There has been talk, of late, of a match-up with the record-breaking Valentino Rossi at Losail in Qatar in April [see separate story - click here], after the Aussie surprisingly beat the six-time MotoGP Champion to the prestigious Casca d'Oro Moto Sprint Rider of the Year award, an accolade normally reserved for Italians. Whilst admitting that a return is unlikely, at just 39 Bayliss is clearly adhering to a never-say-never approach for the time being.

"Who knows?" he mused. "We'll see how this year goes. After a lot of years of racing we'll move back to Oz, and I'm sure I'm going to settle in okay. The team have already had their first test in Kyalami in South Africa and I didn't seem to miss that so much, so I think I'm going to be okay with it, and I'd like to finish like this."

Should he not come back, Bayliss agreed that there is nonetheless plenty of talent on the 2009 WSBK starting grid to compensate for his absence, from his replacement Noriyuki Haga to exciting young guns such as Tom Sykes, Jonny Rea and Ben Spies and, of course, the return of Aprilia and arrival of BMW in the series.

"Nori has been a big rival over the years and he's very strong," the New South Wales native mused, "so I can see him doing very well. Even now though, with Aprilia coming back and BMW coming in, the championship is getting stronger and stronger, so I'm really looking forward to watching it next year and seeing lots of good racing.

"It's difficult to say, but I think out of the two of them Aprilia are the ones who are maybe going to surprise a few people. They've got two really strong riders with [Max] Biaggi and [Shinya] Nakano on-board, who are both of a similar stature and very good at setting up the bike, so it'll be interesting.

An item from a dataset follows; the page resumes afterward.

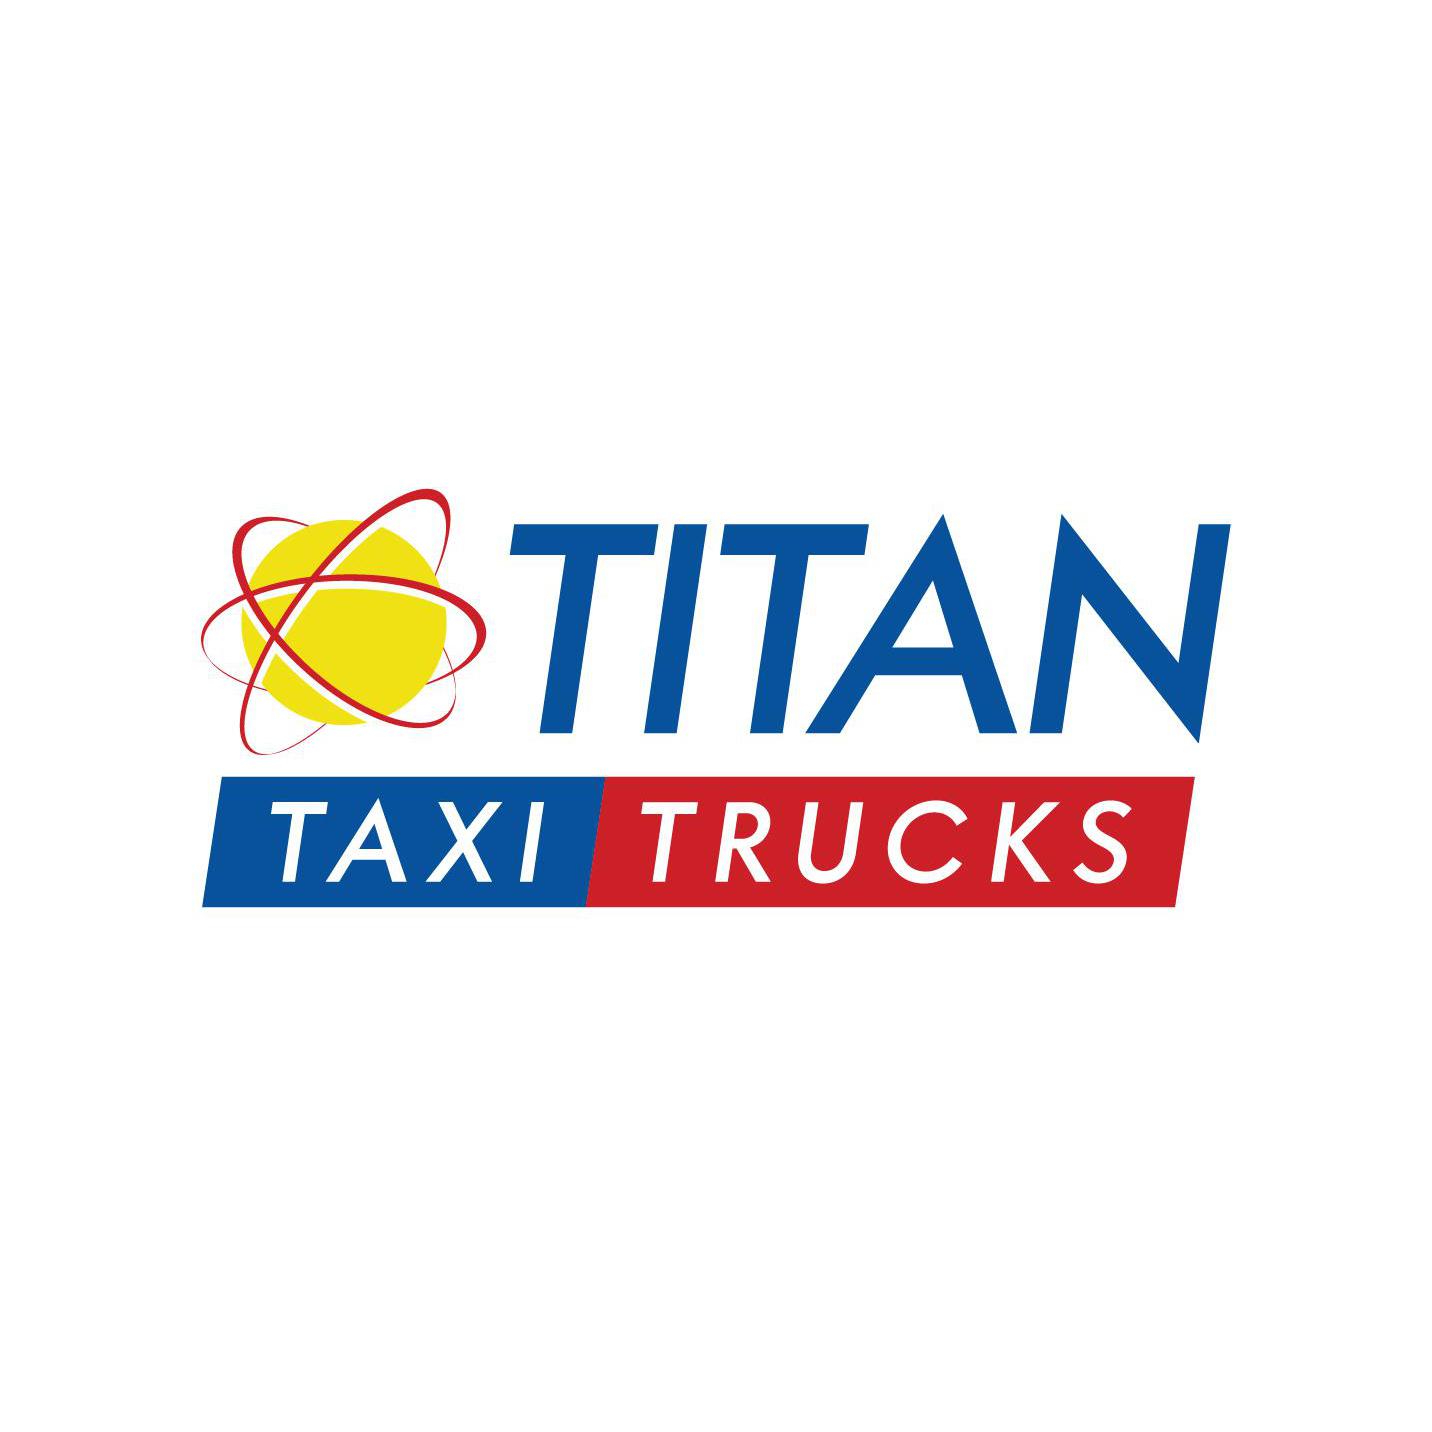 Titan Taxi Trucks Knox

"On the other side, BMW have the money, they've got the technology and they've got the resources, so whilst it might take a little bit longer, I'm sure they're going to get there too.

"I also think Ben Spies is going to do really good. He's a big talent, as is Syksie. I did my apprenticeship in the UK as well, so I know that coming through that background always makes for a good rider. I think he's going to come on very well."

Bayliss was speaking during the annual Race of Champions end-of-season extravaganza held at London's Wembley Stadium, and though he was forced to concede defeat in his opening round tie against new Formula 1 superstar and youngest-ever winner Sebastian Vettel, as the only rider in a fiercely competitive field, he knows he didn't do too badly overall.

"I loved it!" he enthused. "It's a great event and I felt privileged and honoured to be there, as the only bike rider amongst a lot of great names in car racing.

"Up against a name like Vettel it wasn't an easy task, but I got around okay and wasn't too far off the pace, so I was pretty happy and I could leave with my head held half-high. It's a great event, and it's all about having a good time. It's really good for the fans too - they can get close and come and see all the drivers and, well, one rider!

"I really enjoyed it. I came back in 2001 and now this year too, and events like this and Goodwood I'm really keen for."